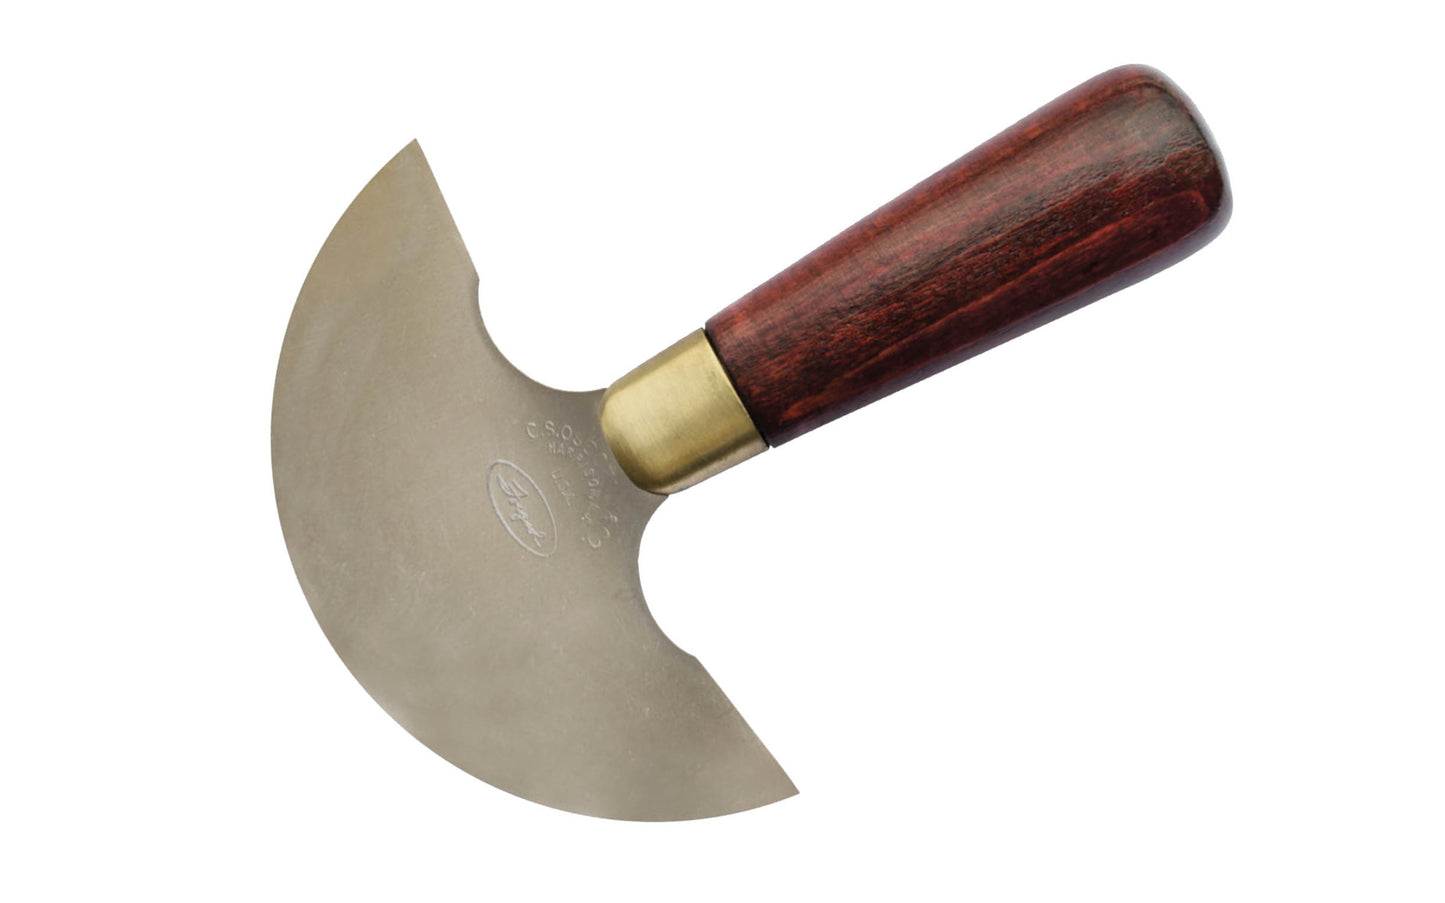 C.S. Osborne Round Knife No. 70 ~ Made in the USA ~ Excellent for leatherwork. High quality carbon steel blade Rosewood handle with brass ferrule ~  Made in USA ~ 096685100227
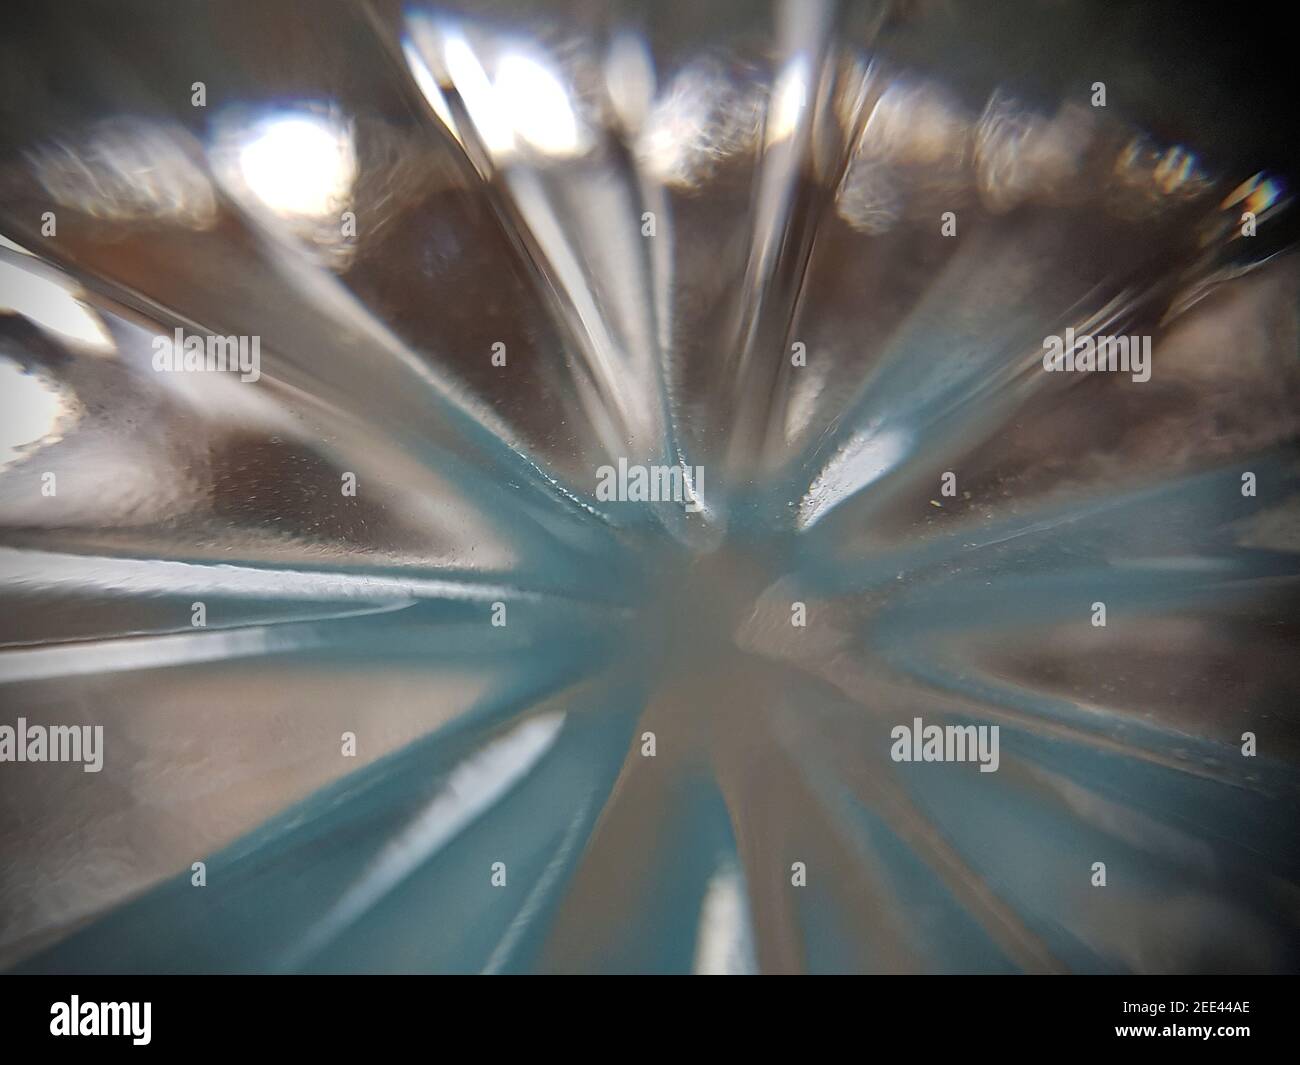 Starr burst of light with a blue tinge. This is light from the bottom of a glass Stock Photo
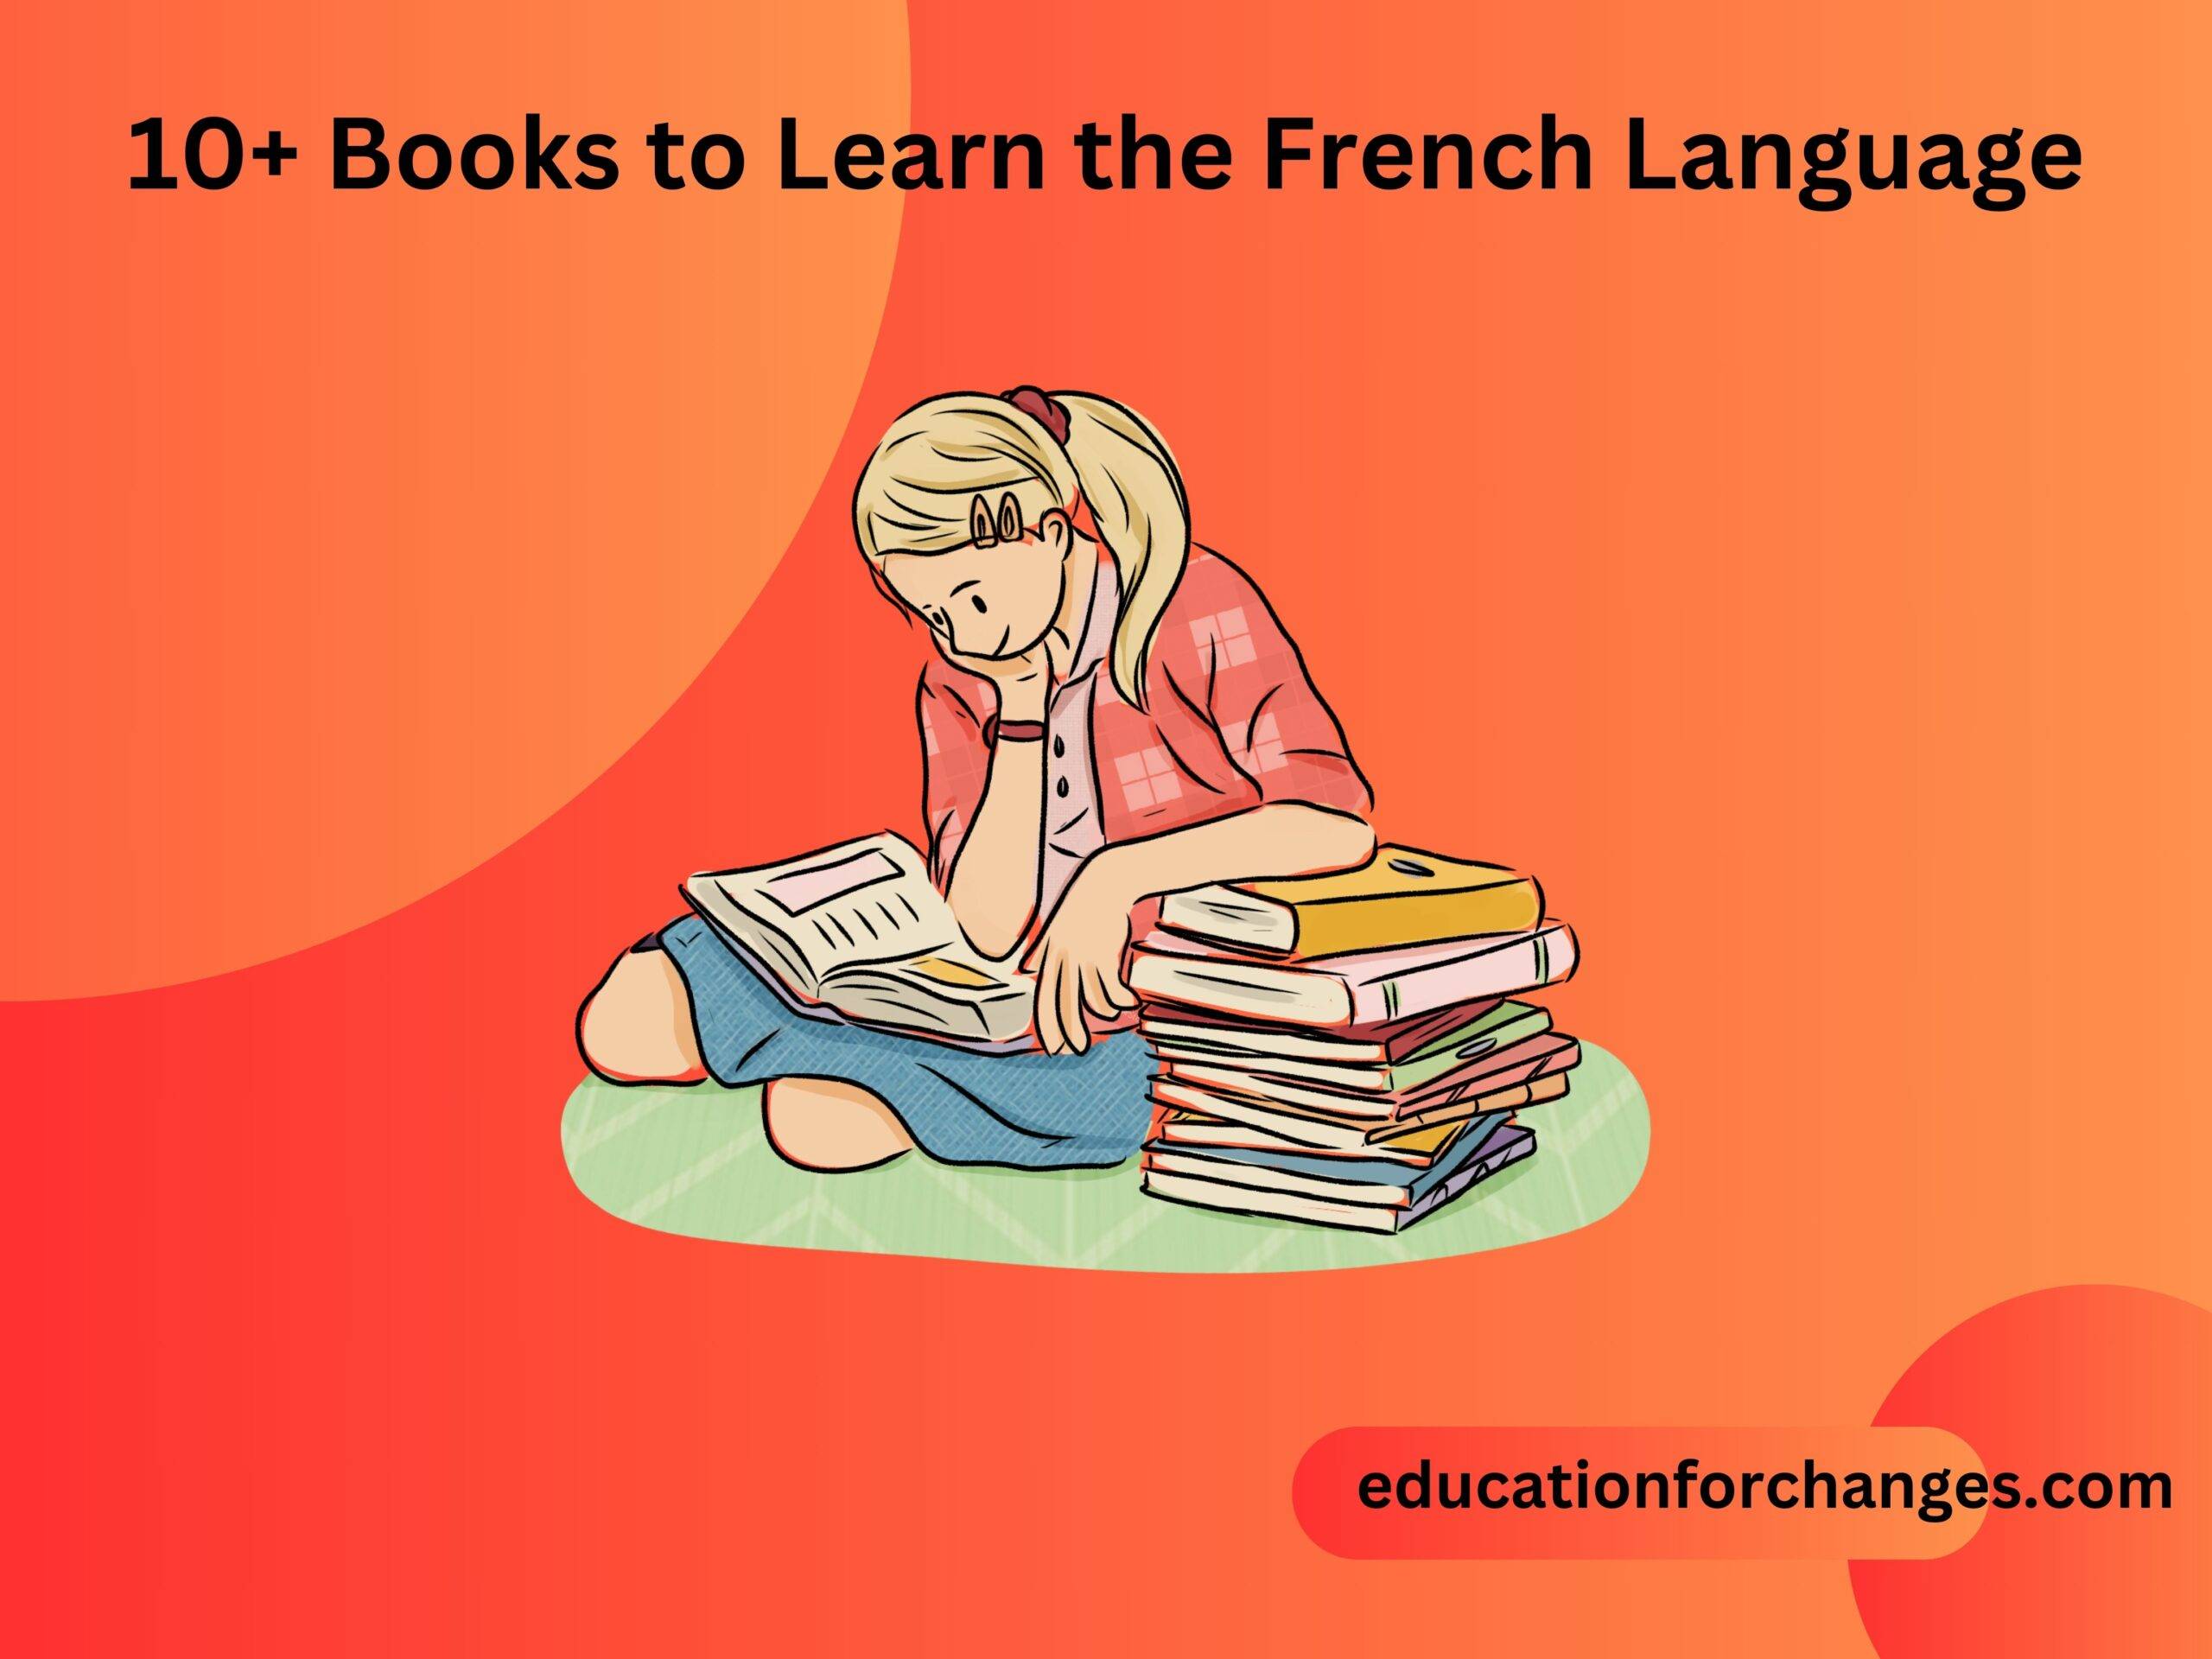 10+ Books to Learning the French Language
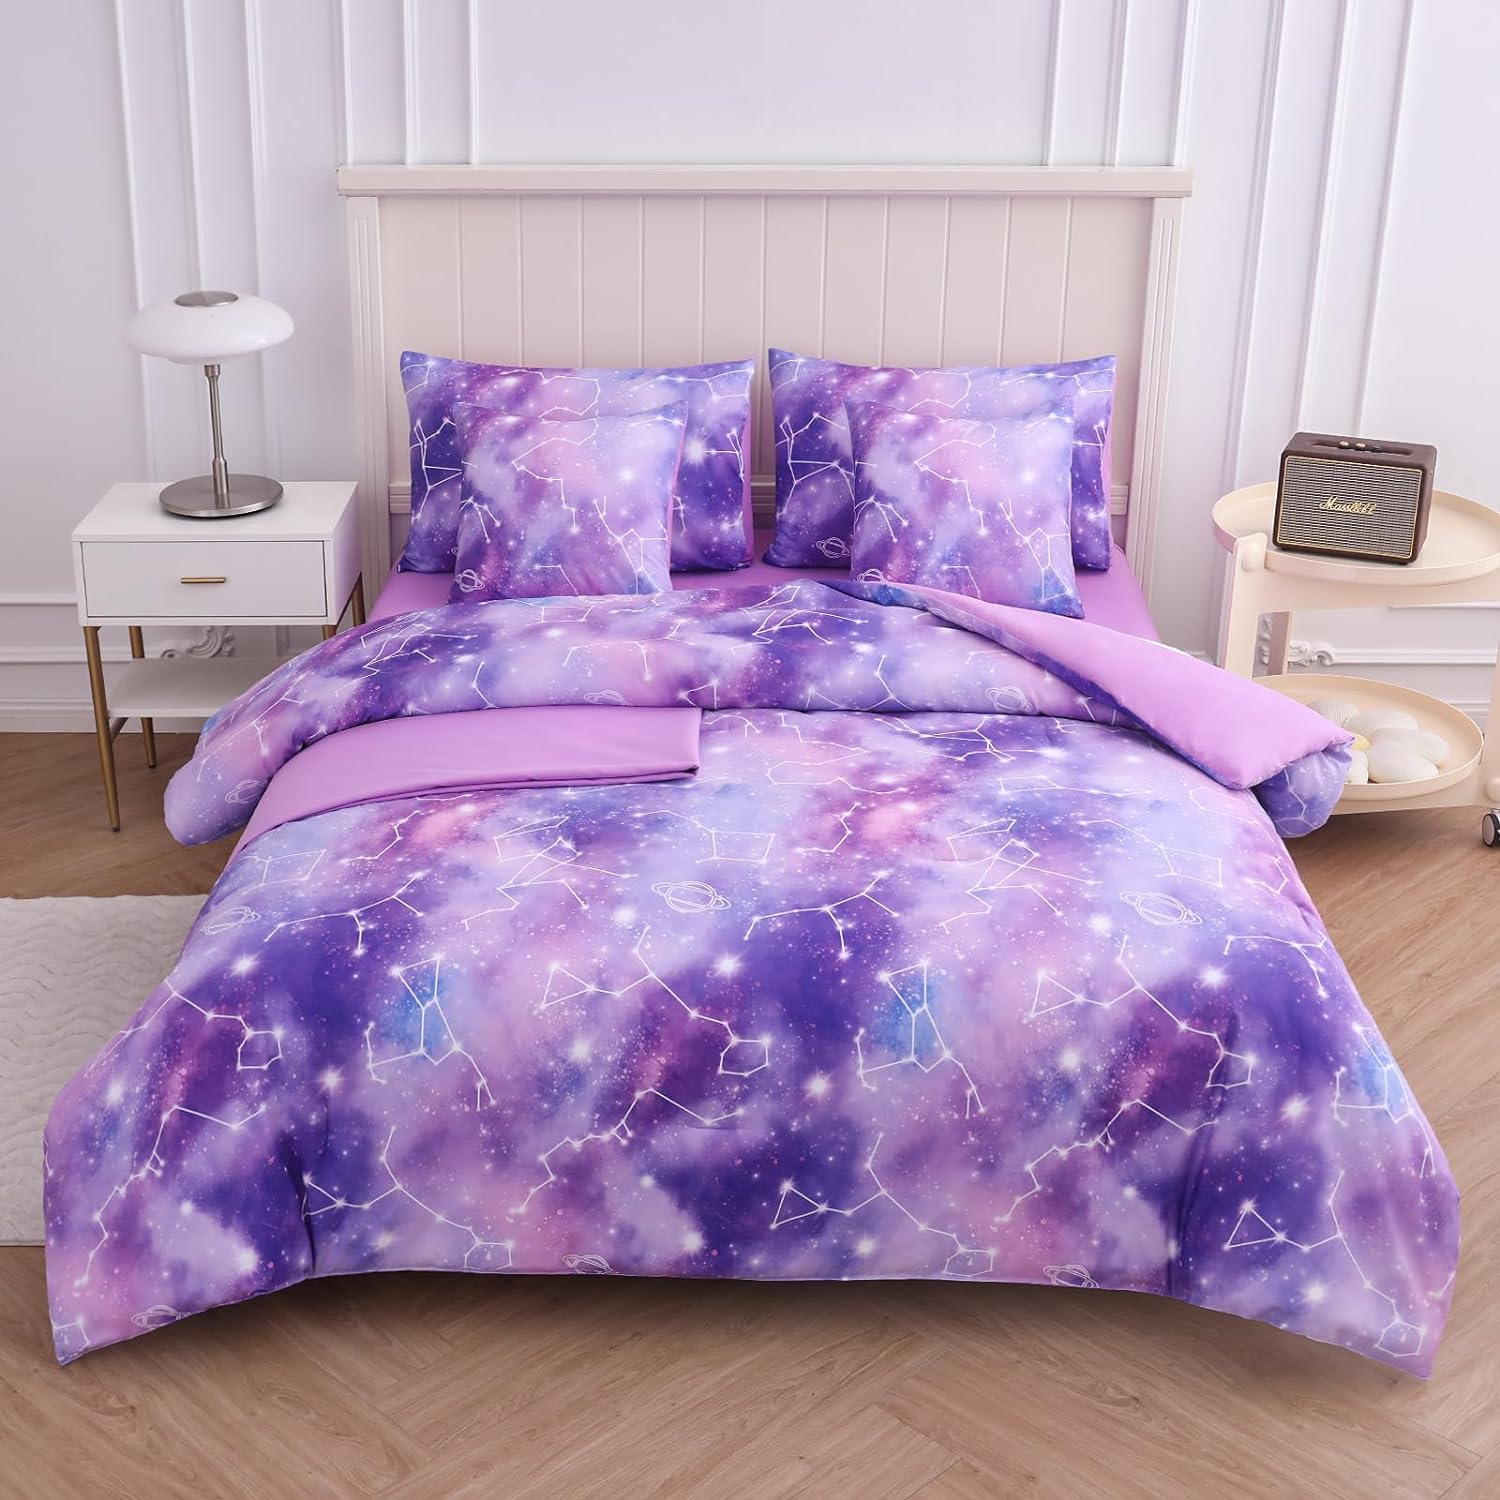 thinkstar Bedding Sets Kids Bedding Sets For Girls,Galaxy Bedding 7Pieces Glitter Pink Comforter Colorful Comforter Full Size

Work to be completed.
The required answer is the material repeated exactly, with no images in it.

Written reply.
 C.S. Osborne Round Knife No. 70 ~ Made in the USA ~ Excellent for leatherwork. High quality carbon steel blade Rosewood handle with brass ferrule ~  Made in USA ~ 096685100227
 Starr burst of light with a blue tinge. This is light from the bottom of a glass Stock Photo
 10+ Books to Learning the French Language
 thinkstar Bedding Sets Kids Bedding Sets For Girls,Galaxy Bedding 7Pieces Glitter Pink Comforter Colorful Comforter Full Size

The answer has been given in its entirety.